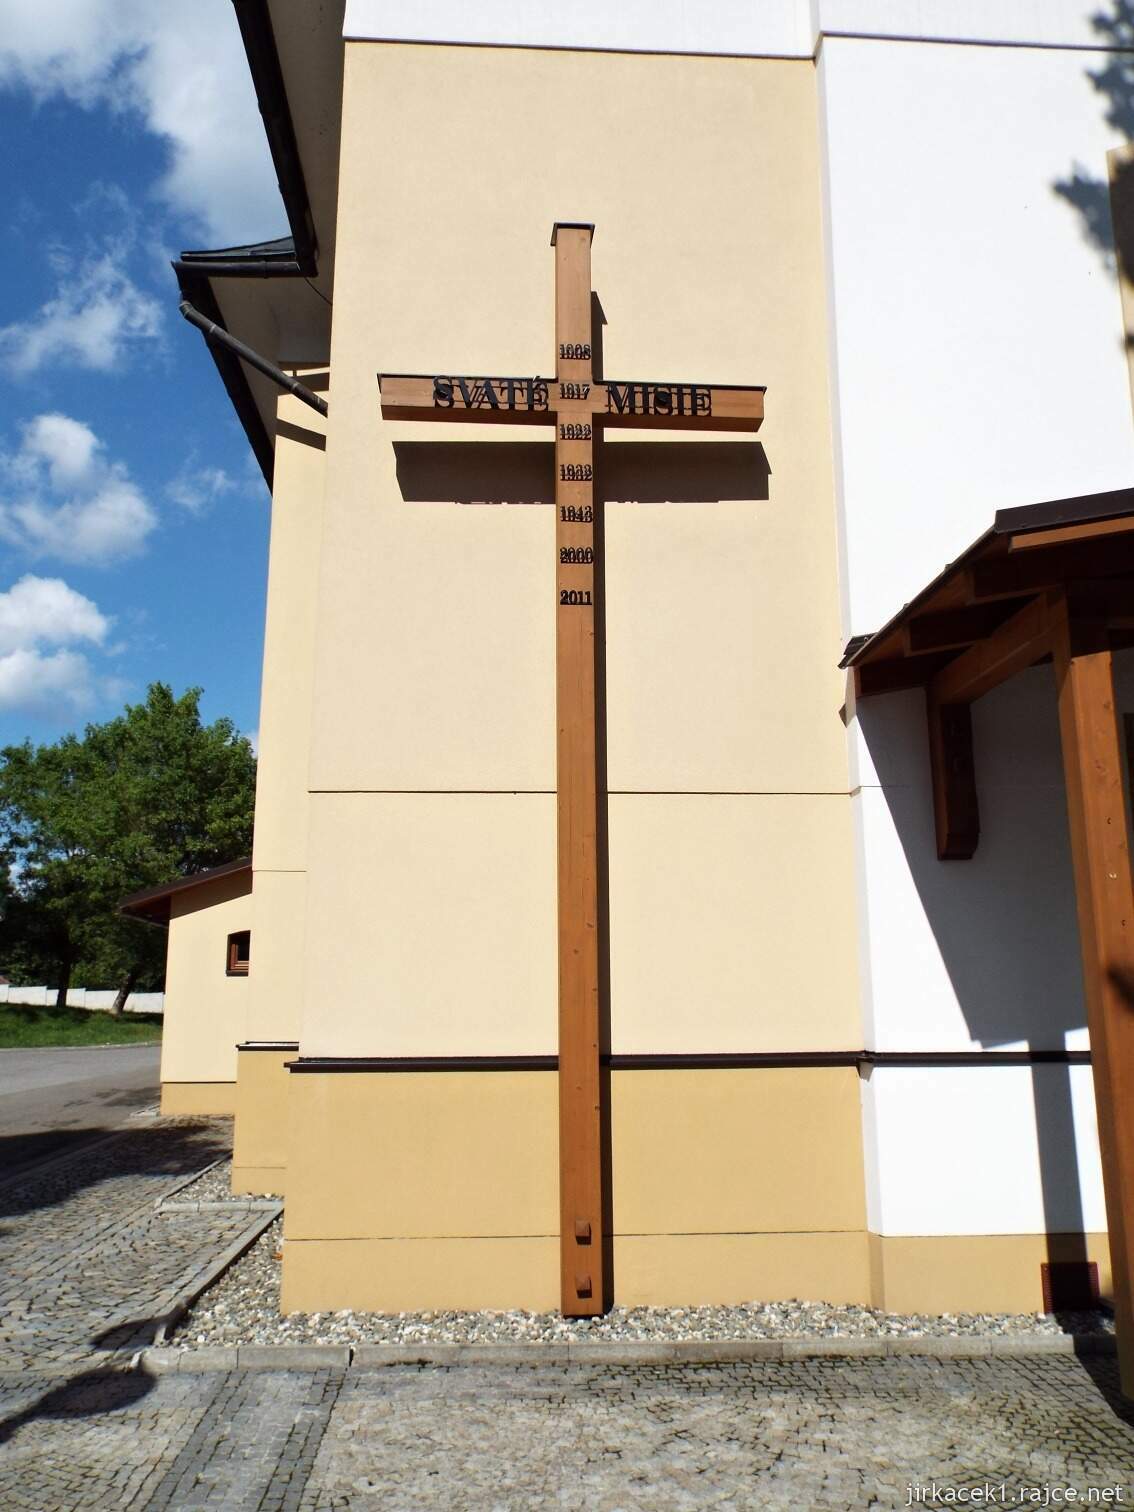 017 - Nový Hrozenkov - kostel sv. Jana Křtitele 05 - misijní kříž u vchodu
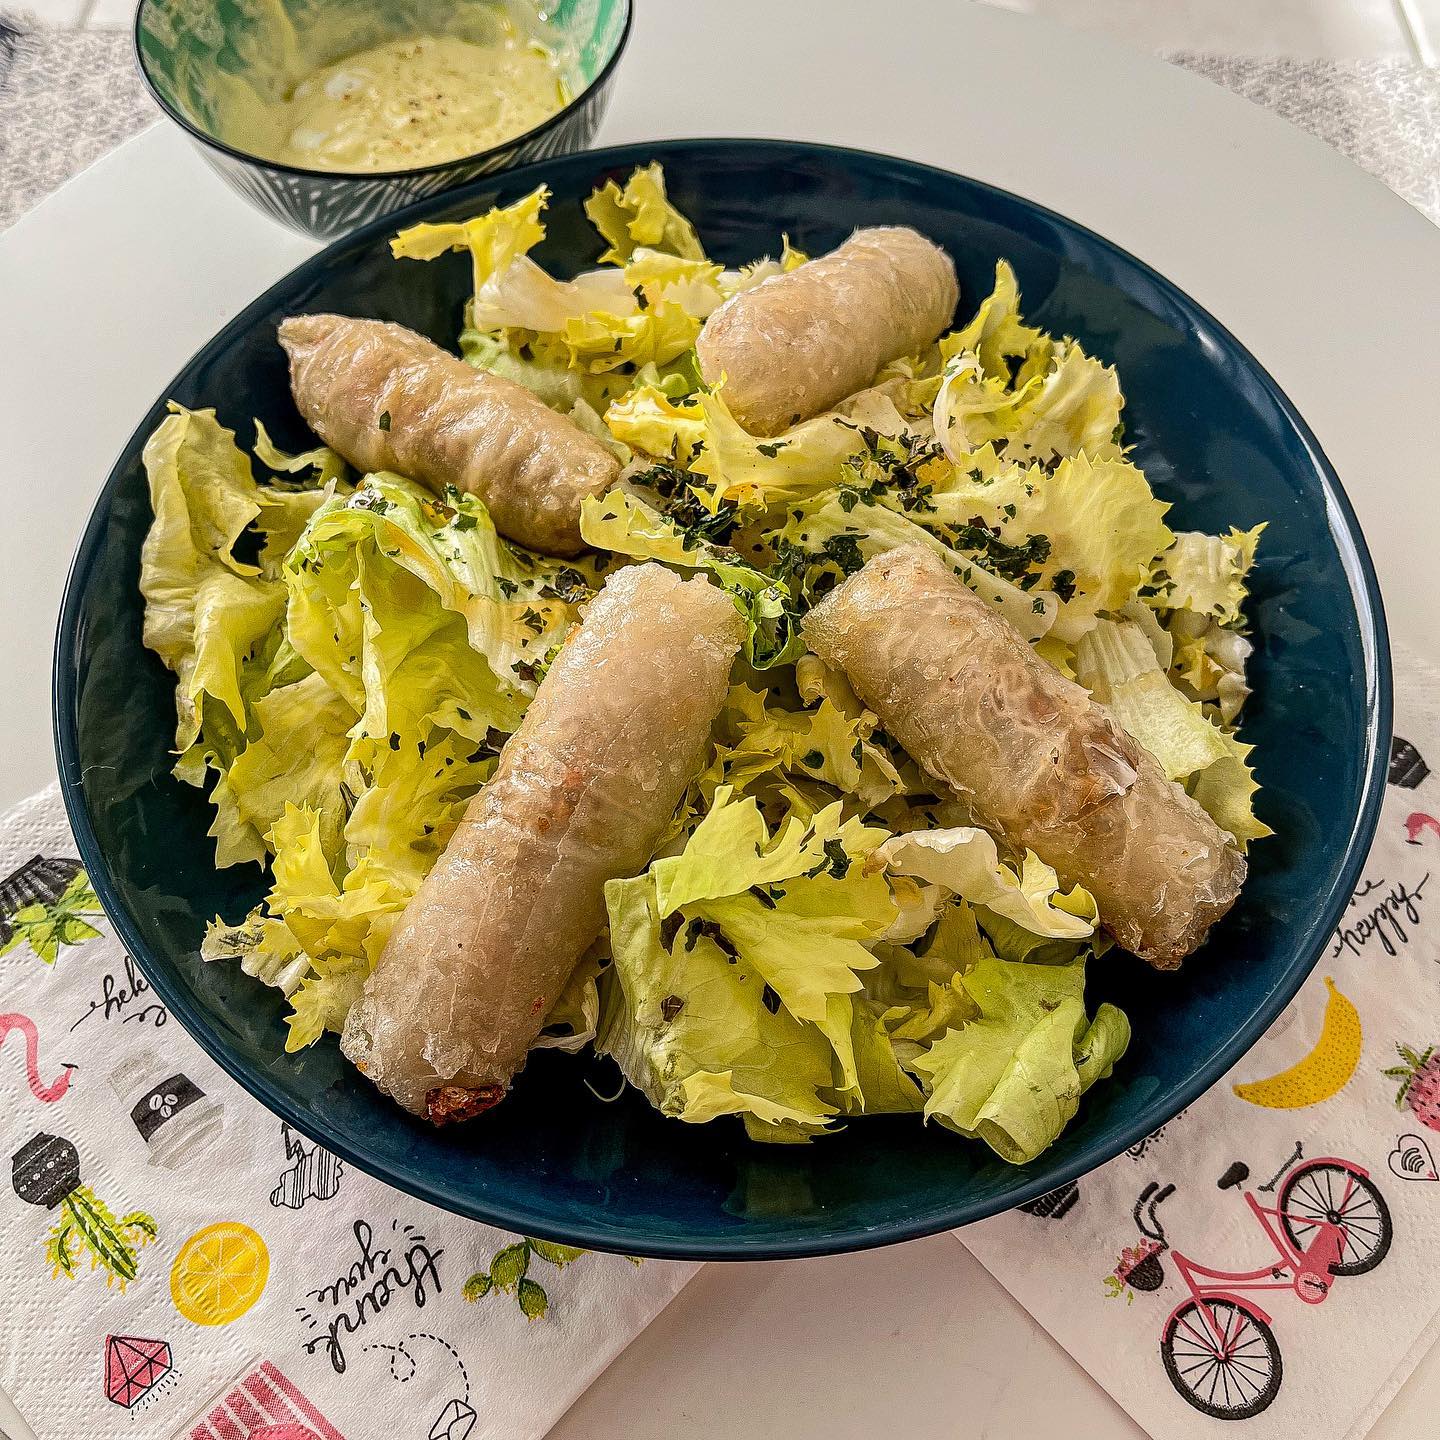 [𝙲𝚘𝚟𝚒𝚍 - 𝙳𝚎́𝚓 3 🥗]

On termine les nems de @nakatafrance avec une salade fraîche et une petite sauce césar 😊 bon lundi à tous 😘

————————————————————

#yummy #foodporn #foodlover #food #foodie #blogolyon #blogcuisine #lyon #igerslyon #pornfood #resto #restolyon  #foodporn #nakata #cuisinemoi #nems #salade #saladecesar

#####

REQUIRED WORK.
Go through the lines above and write each one out verbatim, skipping the pictures.

SOLUTION FOR THIS EXERCISE.
 017 - Nový Hrozenkov - kostel sv. Jana Křtitele 05 - misijní kříž u vchodu
 [𝙲𝚘𝚟𝚒𝚍 - 𝙳𝚎́𝚓 3 🥗]

On termine les nems de @nakatafrance avec une salade fraîche et une petite sauce césar 😊 bon lundi à tous 😘

————————————————————

#yummy #foodporn #foodlover #food #foodie #blogolyon #blogcuisine #lyon #igerslyon #pornfood #resto #restolyon  #foodporn #nakata #cuisinemoi #nems #salade #saladecesar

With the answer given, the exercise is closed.